Kokal made it plain that the band would love to work with James, but can’t see it happening.
“I can't imagine him ever working with a band,” she sighed, “But I think there's something to be said about what electronic musicians are doing production-wise. That's what makes what Nigel [Godrich] does with Radiohead so interesting. They take their quality of sound into another realm. They really create another universe using all the technology we have around today. It's not just relying on old analogue gear, it's using technology. And that's what electronic music is. It's really the best of what's happening with technology musically.”

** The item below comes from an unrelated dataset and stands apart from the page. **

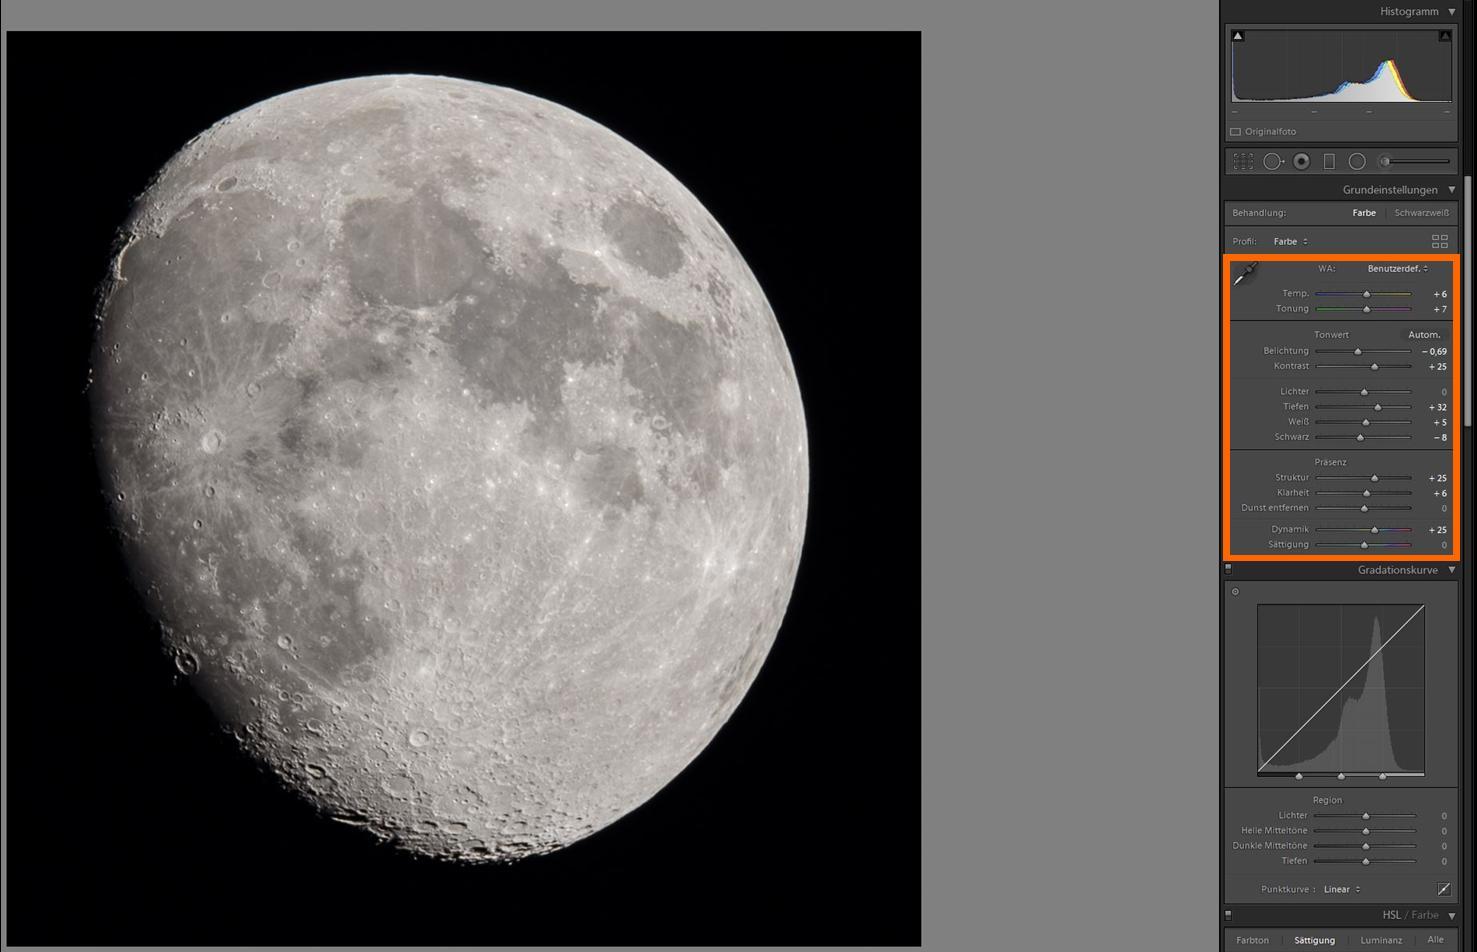 Lightroom-Bearbeitung des Mondfotografie-Summenbildes
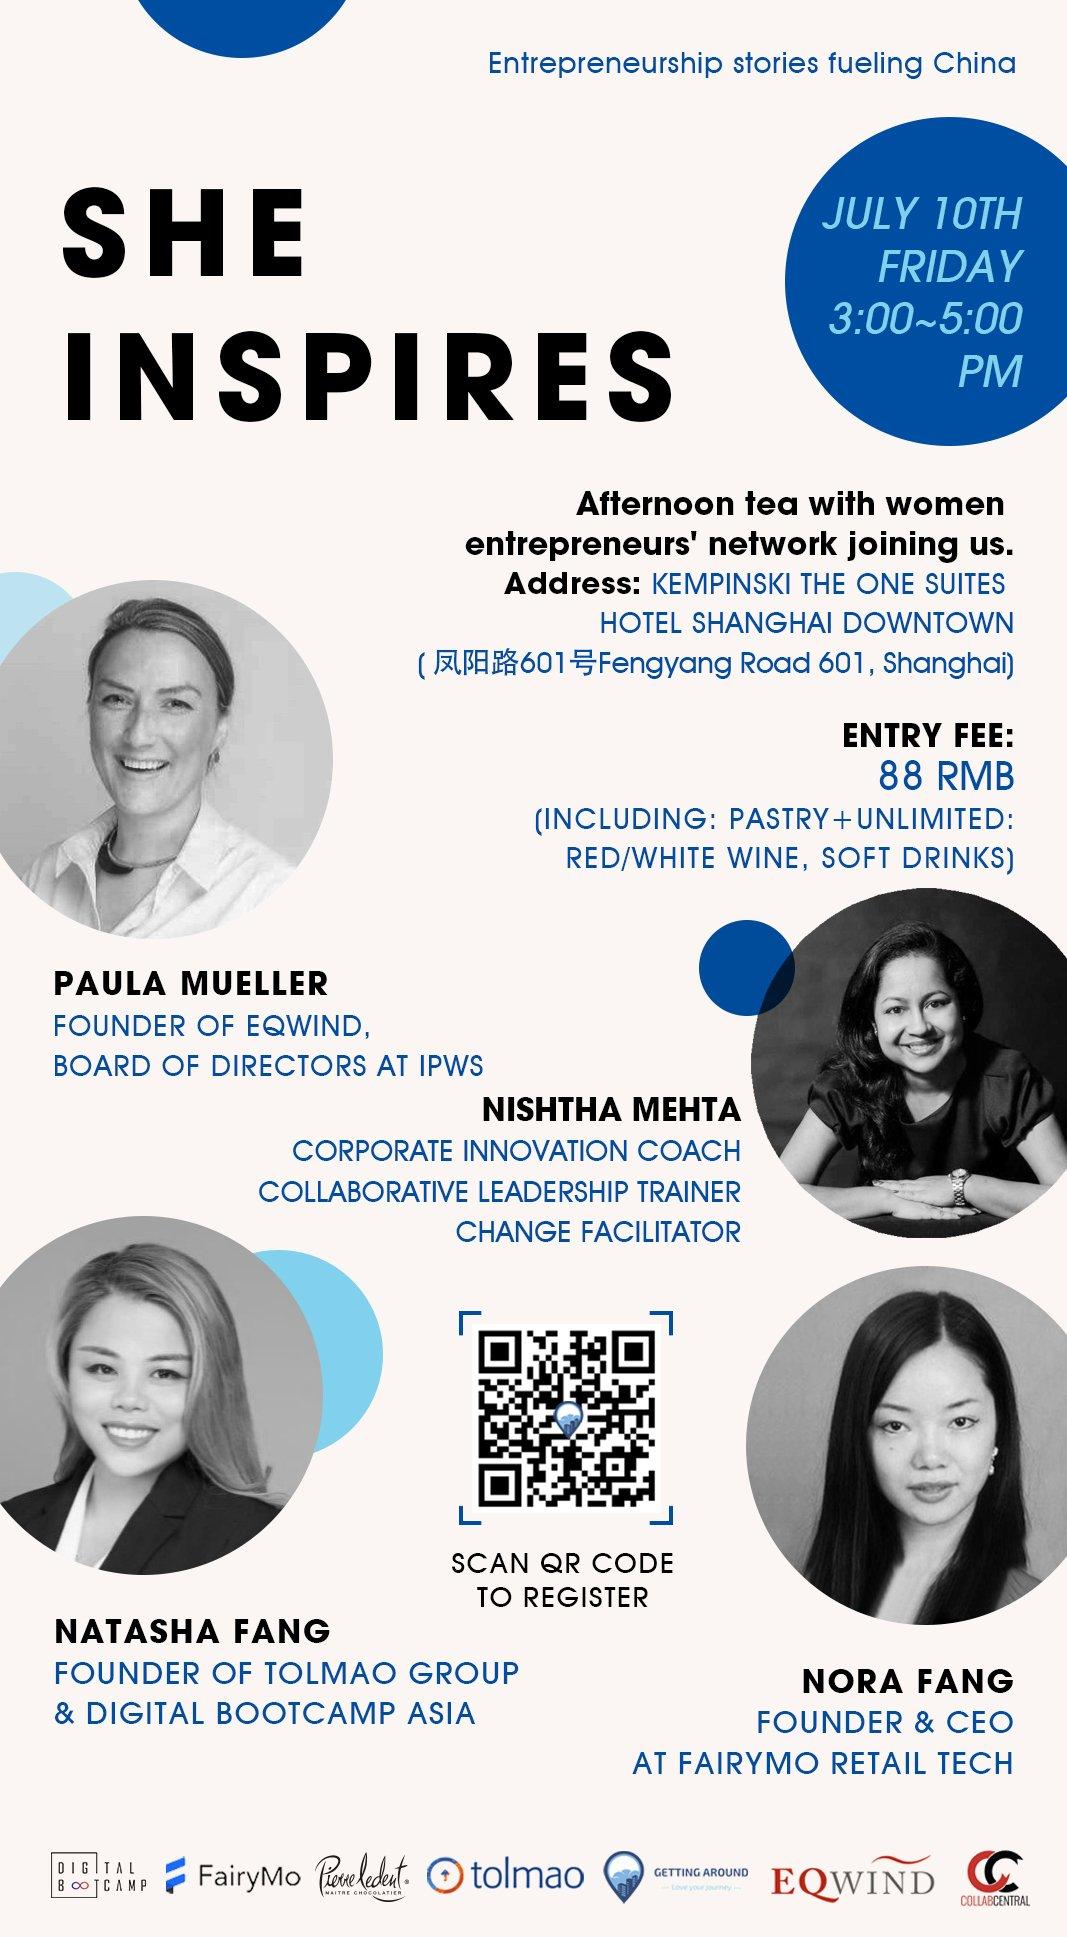 July 10th Offline Event: SHE INSPIRES – Entrepreneurship stories fueling China

Warpaint drafted in Flood to produce their eponymous second album due to their desire to work with someone who understood electronic music in terms of production.
“Think about Violator,” Kokal says of the seminal Depeche Mode album he produced. “He really trailblazed a lot of electronic music. But just taking the traditional rock forma that we bring, as well as the beats, ambient elements and vocals we bring and try to keep crating a really sonically lush world. That's why I love Aphex so much. I can put my headphones on and listen to the same Aphex song 100 times and still catch new things. Because every single hit is tuned differently and has a different delay on it. It's orchestral. It's as dense as a symphony.”